Null Hypothesis (H0):
- No difference in the mean IOPs before and after medication.
Alternative Hypothesis (H1):
- A difference exists in the mean IOPs.

Test Chosen

Analysis Approach:
- A Paired t-test is utilized.

Paired t-test Equations and Calculations

Necessary Formulas

T-statistic Formula:
- $t = \frac{\bar{d}}{SE_d}$
Measured $d$:
- Mean difference of IOP values before and after medication.
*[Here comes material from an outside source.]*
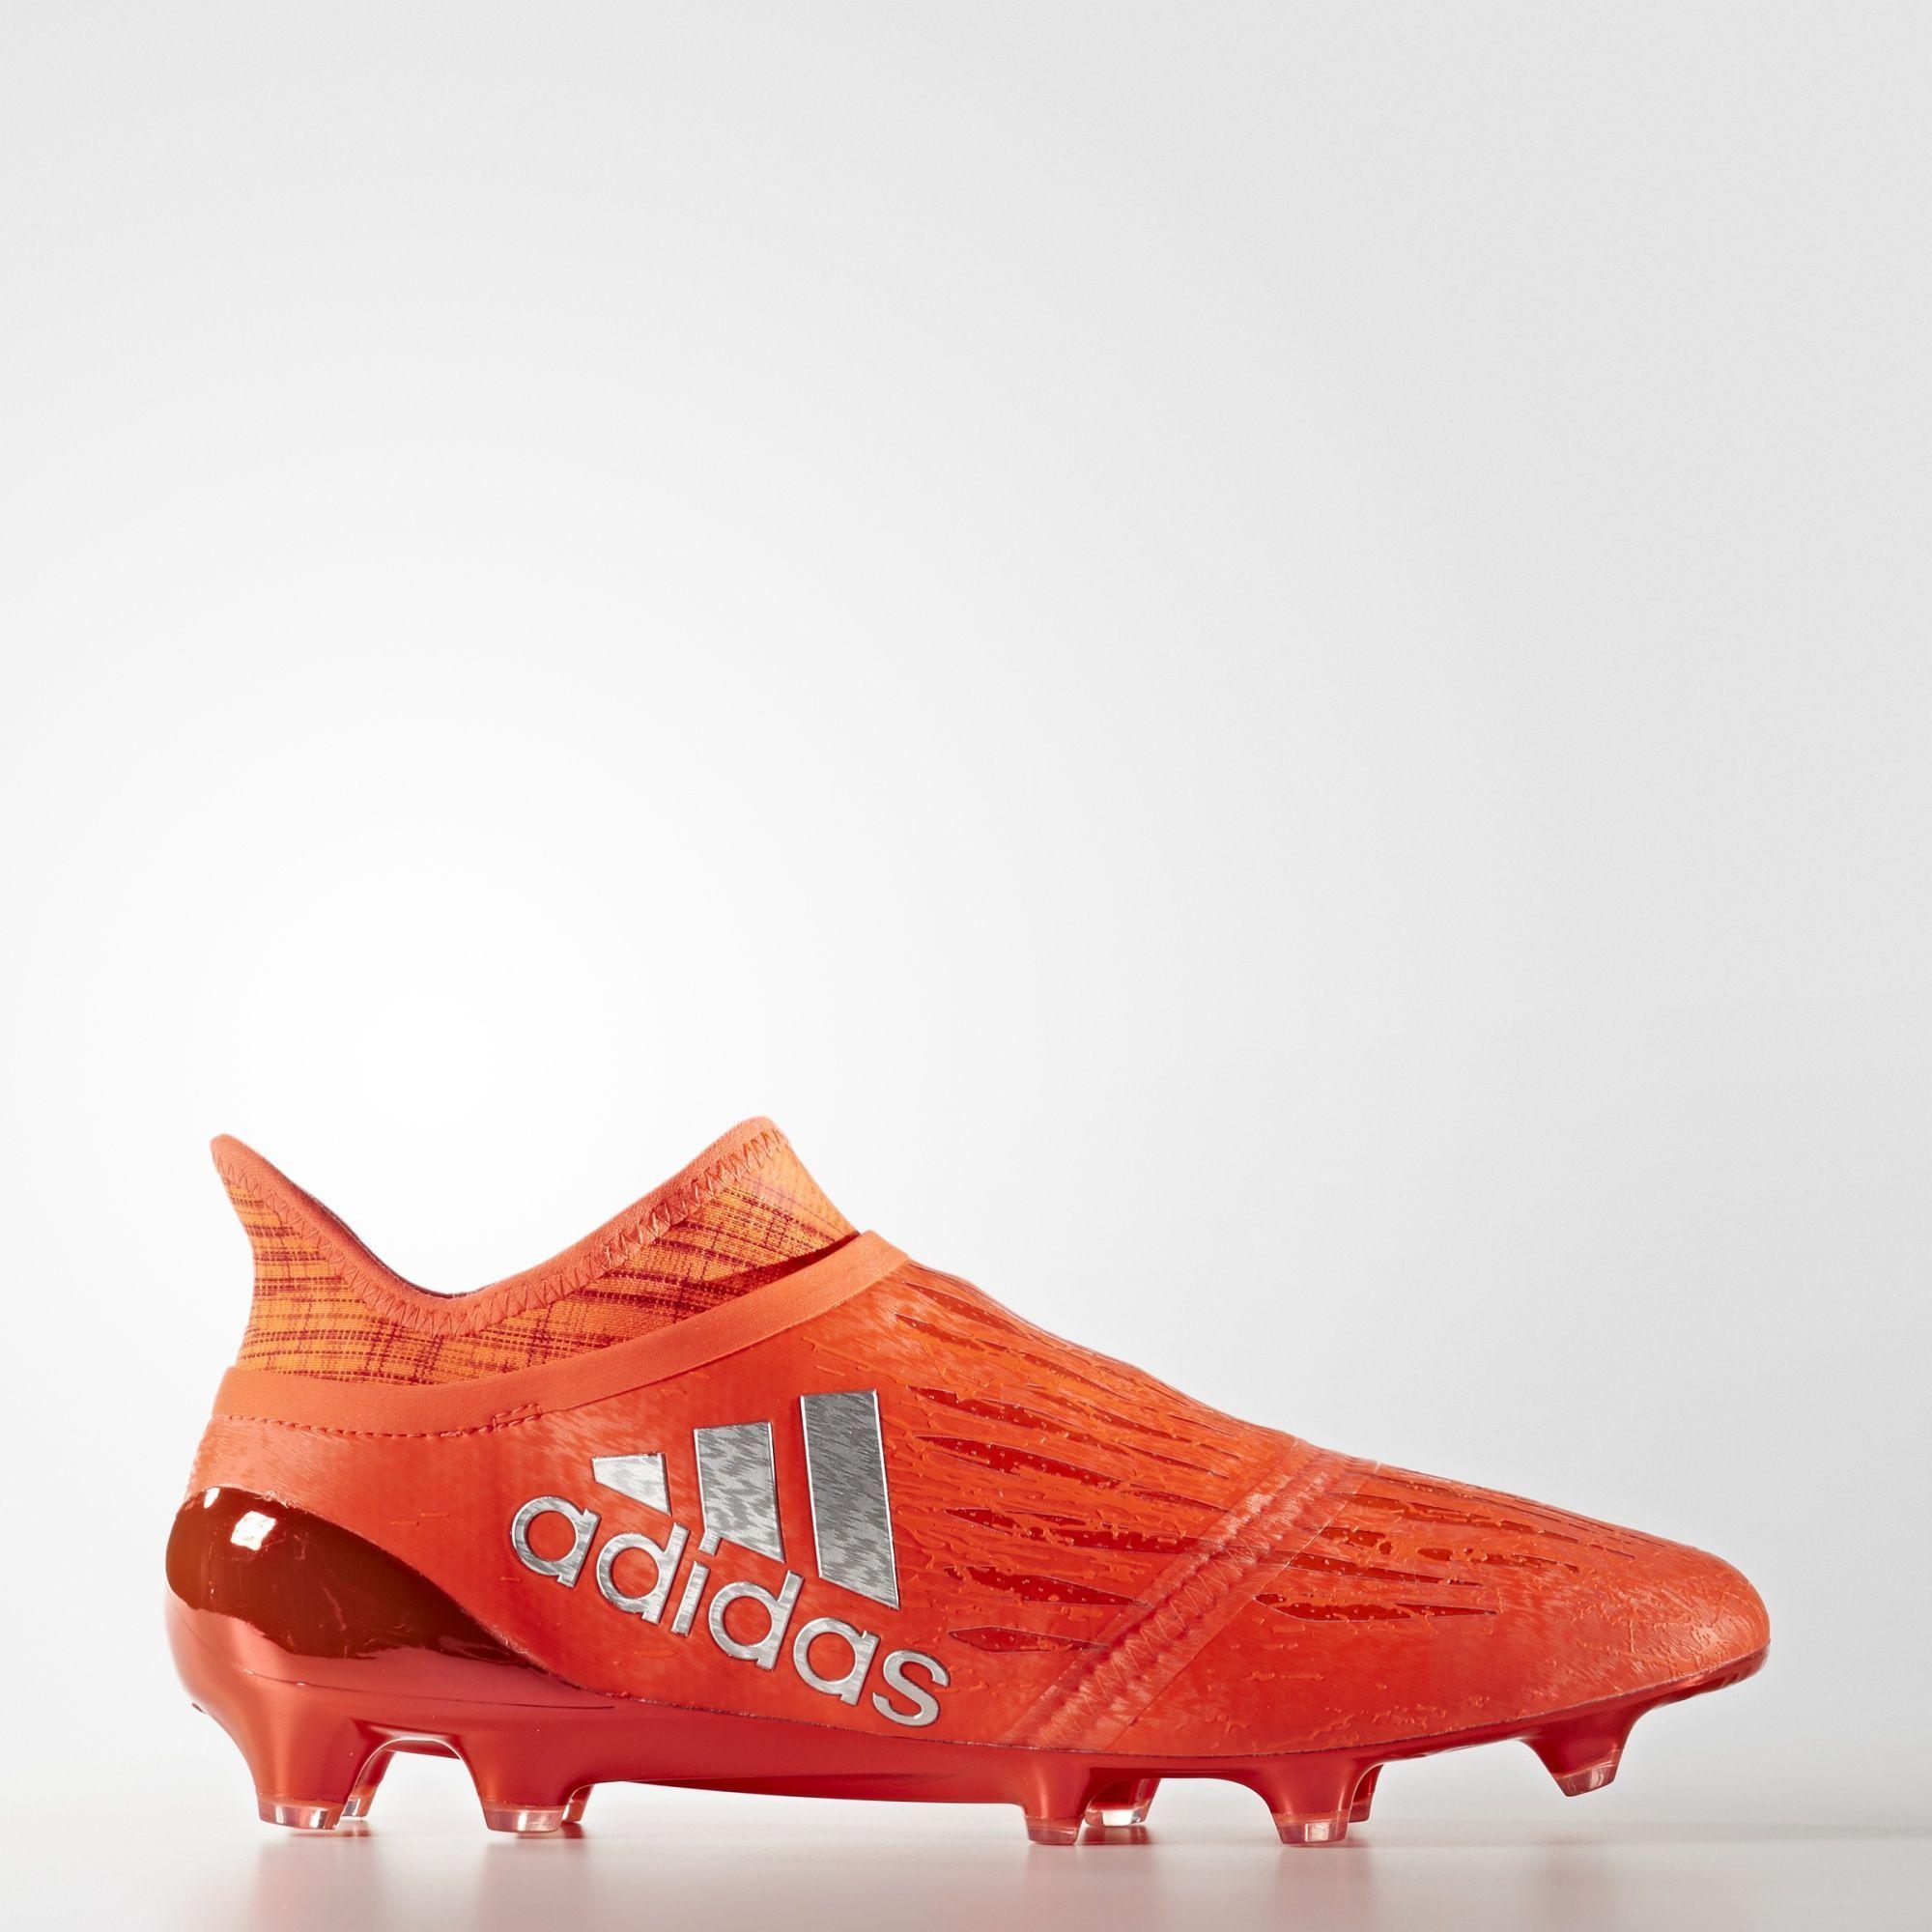 adidas - X 16+ Purechaos Firm Ground Boots  a4de09aae83a5

Calculating the T-statistic

Steps:
- $t = \frac{5}{3/\sqrt{20}} = \frac{5}{0.67} \approx 7.46$ .
Degrees of Freedom:
- For the paired t-test: df = n - 1 = 20 - 1 = 19.
Significance Level:
- We select α = 0.05.

Critical t-value and p-value Lookup

Critical Value:
- From tables, for df = 19, α = 0.05, t-critical (2-sided) is ±2.093.
Critical Region:
- Results in the region beyond ±2.093.
p-value Extraction:
- Based on df = 19 and t = 7.46, p = 4.66E-07 (2-sided).
Decision:
- Since p < α (0.05), reject $H_0$.

Conclusion of the t-test Example

Final Interpretation:
- The medication significantly reduces IOP.
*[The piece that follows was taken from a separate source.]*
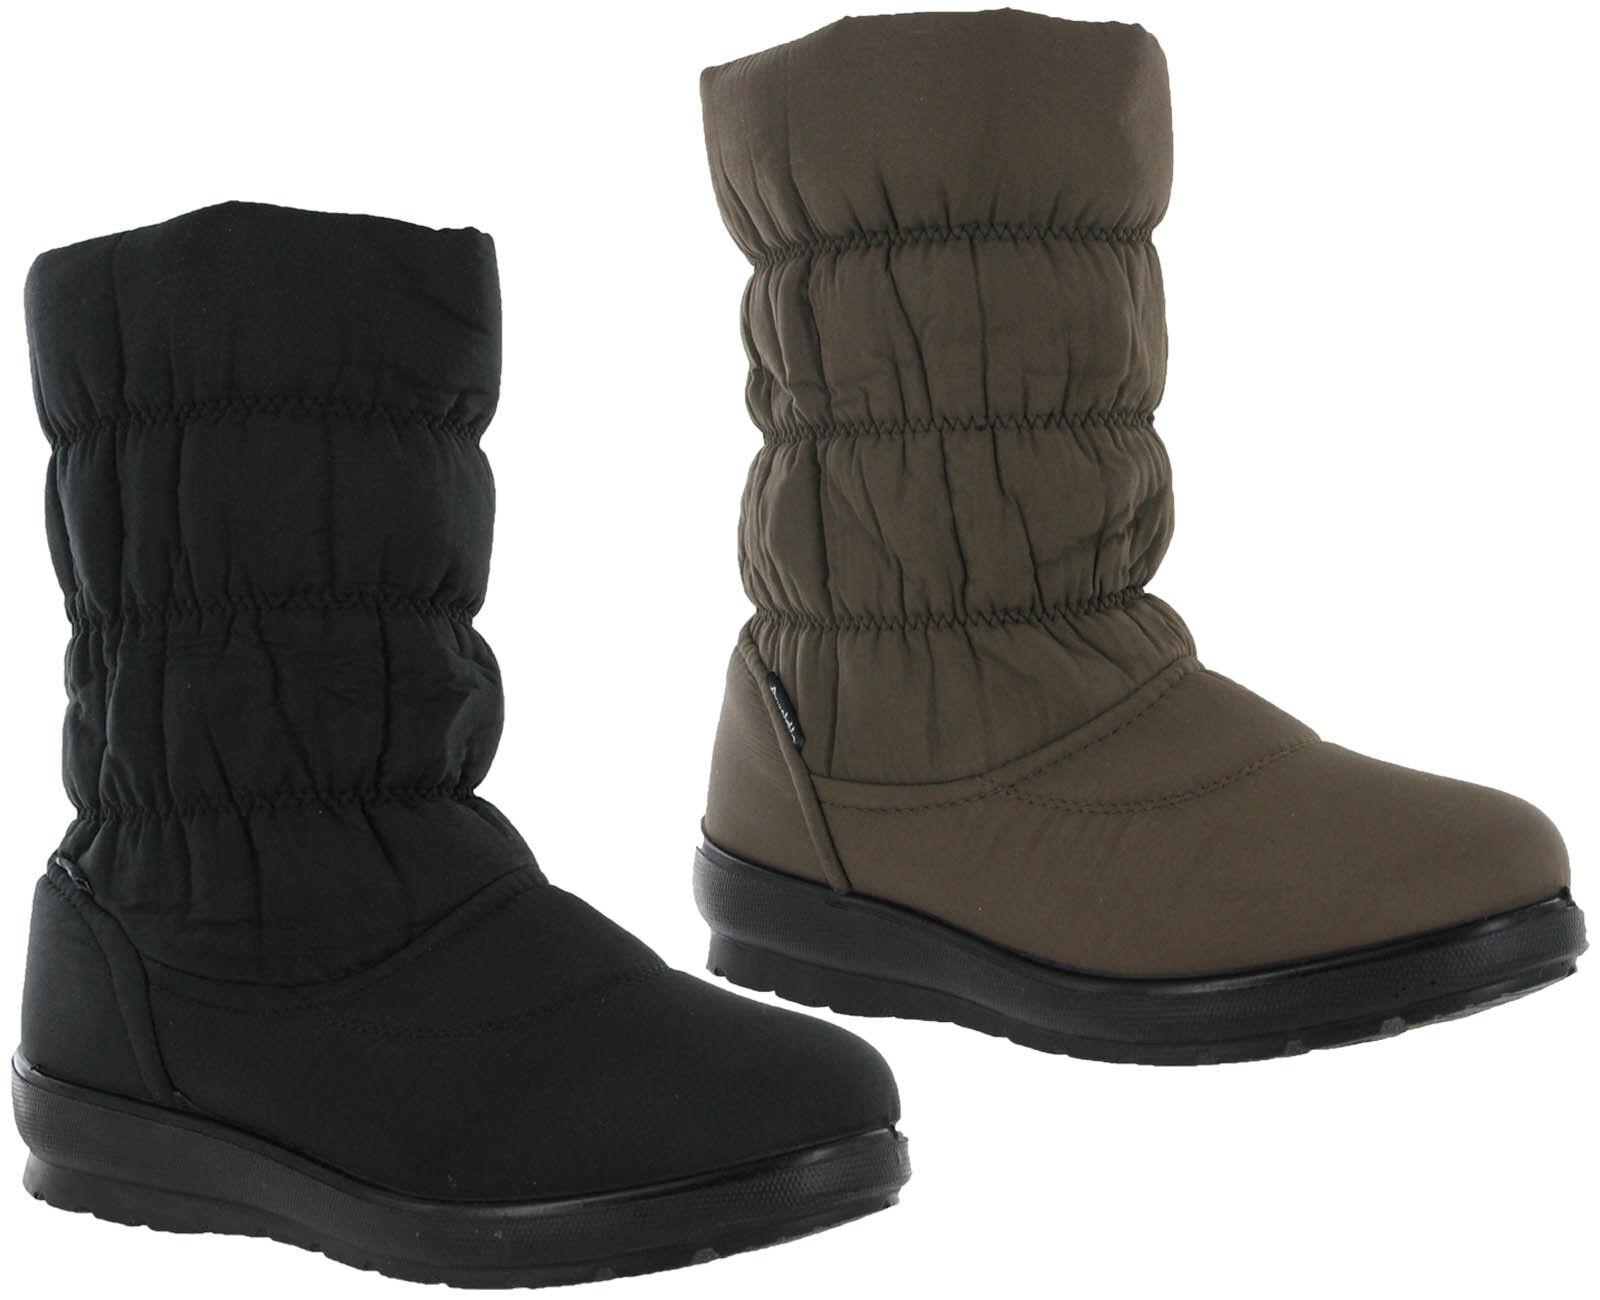 Annabelle Winter Fur Lined Janelle Side Zip Lighweight Grip Womens Boots UK4-8

Common Misinterpretations of p-value

Clarifications Needed

P-value vs. Probability of Hypothesis:
- A p-value measures observed data probability under $H_0$, not the probability that $H_0$ is true.
P-value vs. Evidence Strength:
- A p-value offers evidence against $H_0$ but not a measure of evidence for $H_1$.
P-value vs. Certainty:
- A small p-value does not guarantee truth; it indicates likelihood of data under $H_0$.

Statistical vs. Clinical Importance

Example Overview

Study Title:
- “A Randomized Clinical Trial of Progressive Addition Lenses versus Single Vision Lenses on the Progression of Myopia in Children”.

Data Overview

Measurement of myopia progression by change in equivalent mean sphere over 3 years: - PAL group: mean of -1.28D, SE = 0.06 D. - SVL group: mean of -1.48D, SE = 0.06 D. - Difference PAL-SVL: mean = 0.2D, SE = 0.08D (significant at 5%).

Importance of Distinguishing

Statistical Significance:
- Compares mean difference (effect size) to random effects size (standard error).
Clinical Importance:
- A significant difference must also have an effect size large enough to be meaningful.

Achieving Agreement Between Statistical and Clinical Importance

Suggested Approach

Outcome Measure Selection:
- Choose clinically significant outcome measures. For instance, in myopia progression, define success as a difference of less than -1D over 3 years.
Statistical Analysis Framework:
- Analyze for how many successes occurred in treatment vs. control, ensuring significance in statistical outcomes implies clinical relevance.

Example of Hypothesis Testing with chi-squared test

Invented Data Representation

Group Analysis:
- Use Chi-squared test to determine if deviation is significant.
Data Structure: - Less than -1D progression:
- PAL lens: 10, SVL lens: 2. - More than -1D progression: - PAL lens: 220, SVL lens: 228.